Não se trocaram palavra no decurso de seis leguas. Rachel ia linda pelo escarlate da sua colera; e Manoel Pereira bufava, quando não cabeceava de somno jogando contra o hombro de sua mulher.
A gentil senhora, a espaços, encarava no marido, e dizia entre si: «Que destino o meu! Este é o homem, que me deram para a vida! Querem que seja d'este homem o meu coração! Ter uma só existencia, e curta como hade ser a minha, e hei-de sacrifical-a toda a esta cousa que vale duzentos contos de réis!
«Que aproveitou meu pai d'este monstruoso enlace? Que lucrou este homem em se aviltar para me chamar sua, se elle mesmo conhece que lhe obedeço abominando-o? Mas eu não devia soffrer, porque Deus bem sabe que fui levada de rastos, e que me perdi por ser boa filha, e me tenho atormentado para ser uma victima obediente dos calculos de minha familia! Calculos! quaes, e de que serviram? Quem foi feliz com elles?!...»

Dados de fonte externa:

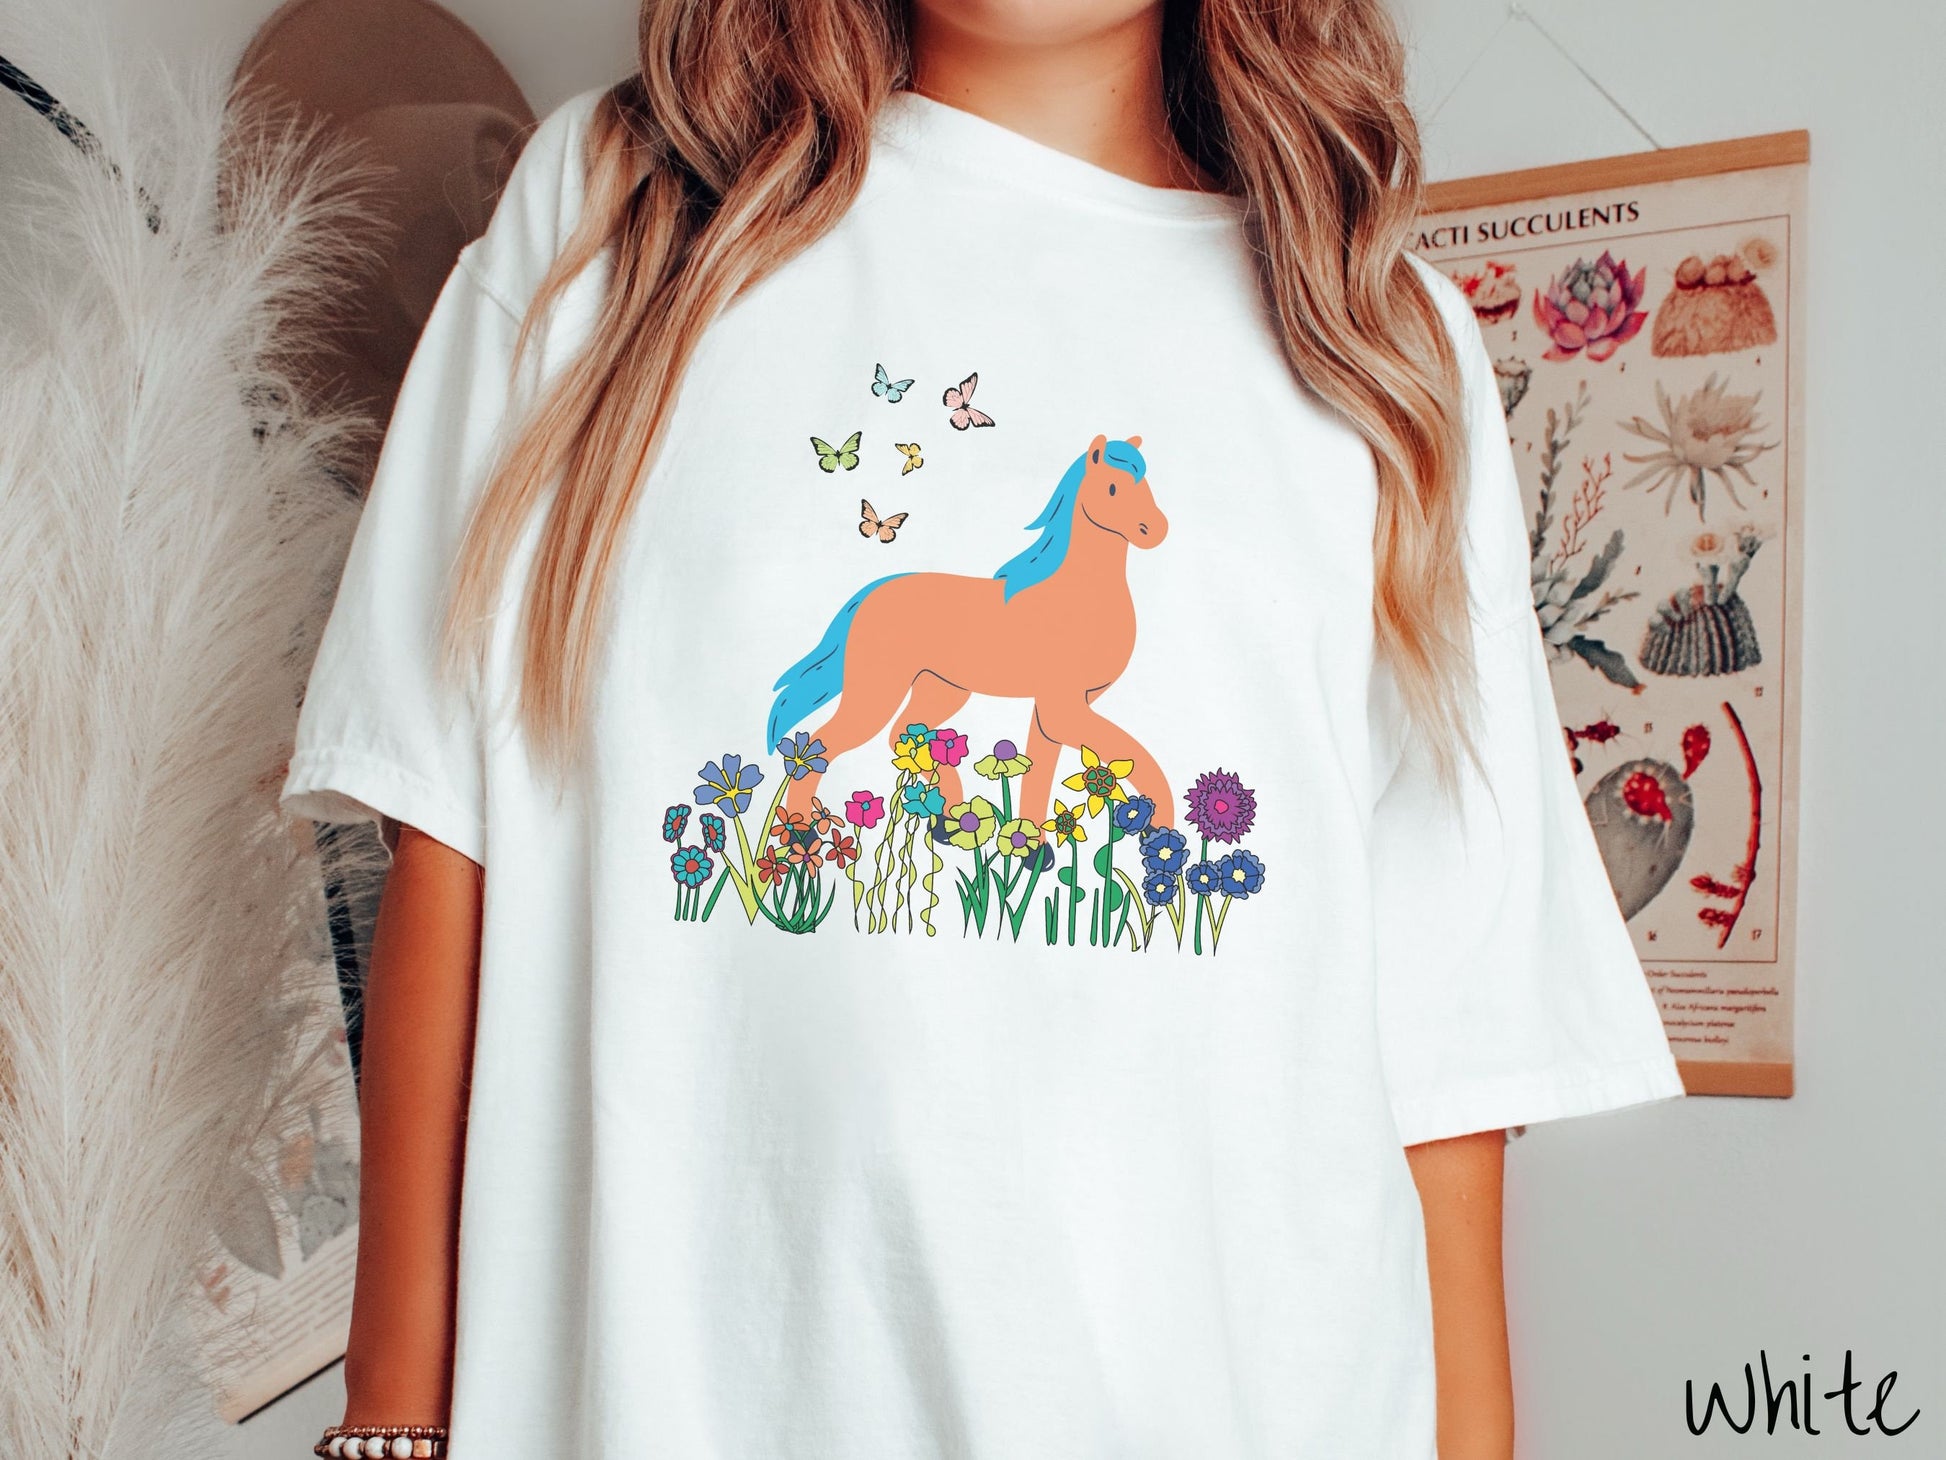 A woman wearing a cute, vintage white colored Comfort Colors shirt with a brown horse with blue hair walking through a field of colorful flowers and grass. There are colorful butterflies flying above the horse.
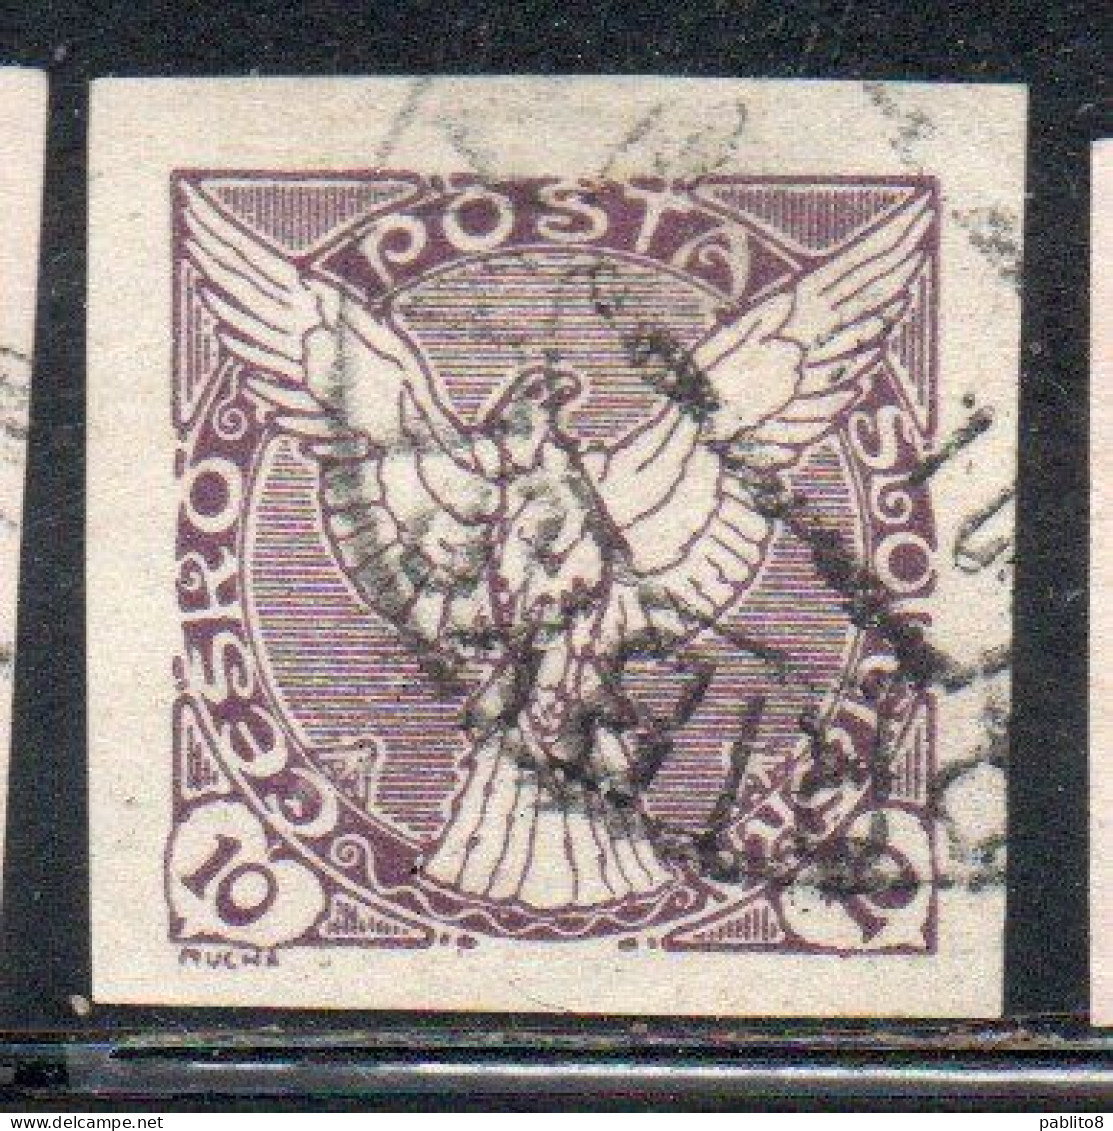 CZECHOSLOVAKIA CESKA CECOSLOVACCHIA 1918 1920 IMPERF. NEWSPAPER STAMPS WINDHOVER 10h USED USATO OBLITERE' - Timbres Pour Journaux

Estes mentaes soliloquios eram cortados por algum ronco pavoroso, ou espertar estremunhado do negociante de couros, quando não era uma pancada da mão esponjosa que algum sonho sacudia ao peito de Rachel.
Chegaram ao seu destino, e pouco depois as cargas da bagagem, e as criadas de Rachel. Manoel Pereira passou na quinta aquelle dia e o seguinte; ao outro, voltou para o Porto a fim de fazer uma carregação de couros, e activar uma leva de escravos brancos para o Rio de Janeiro.
Rachel, á hora crepuscular da noite d'esse dia, foi sósinha sentar-se nas escadas do cruzeiro, que defrontava com o portal da quinta, e então chorou as lagrimas represadas em tres dias de exasperada angustia.
Como tu serias linda alli de uma formosura do céo, Rachel! Qual Magdalena mais linda inventou o buril aos pés da cruz misericordiosa! E se anjo tu eras de purissima alma; se as mesmas lagrimas te depuravam de intenções culposas, que alegria não seria a do teu Creador, vendo-te assim incontaminada, com menos ventura que muitas que não tinham no coração uma fibra incorrupta!
Se a essa cruz voltares, n'outra tarde, a pedir perdão da queda, hão-de os anjos chorar-te, ó Rachel; mas pedirão a Deus que te leve para si e para elles, como se houvesses cumprido immaculada o teu desterro do céo.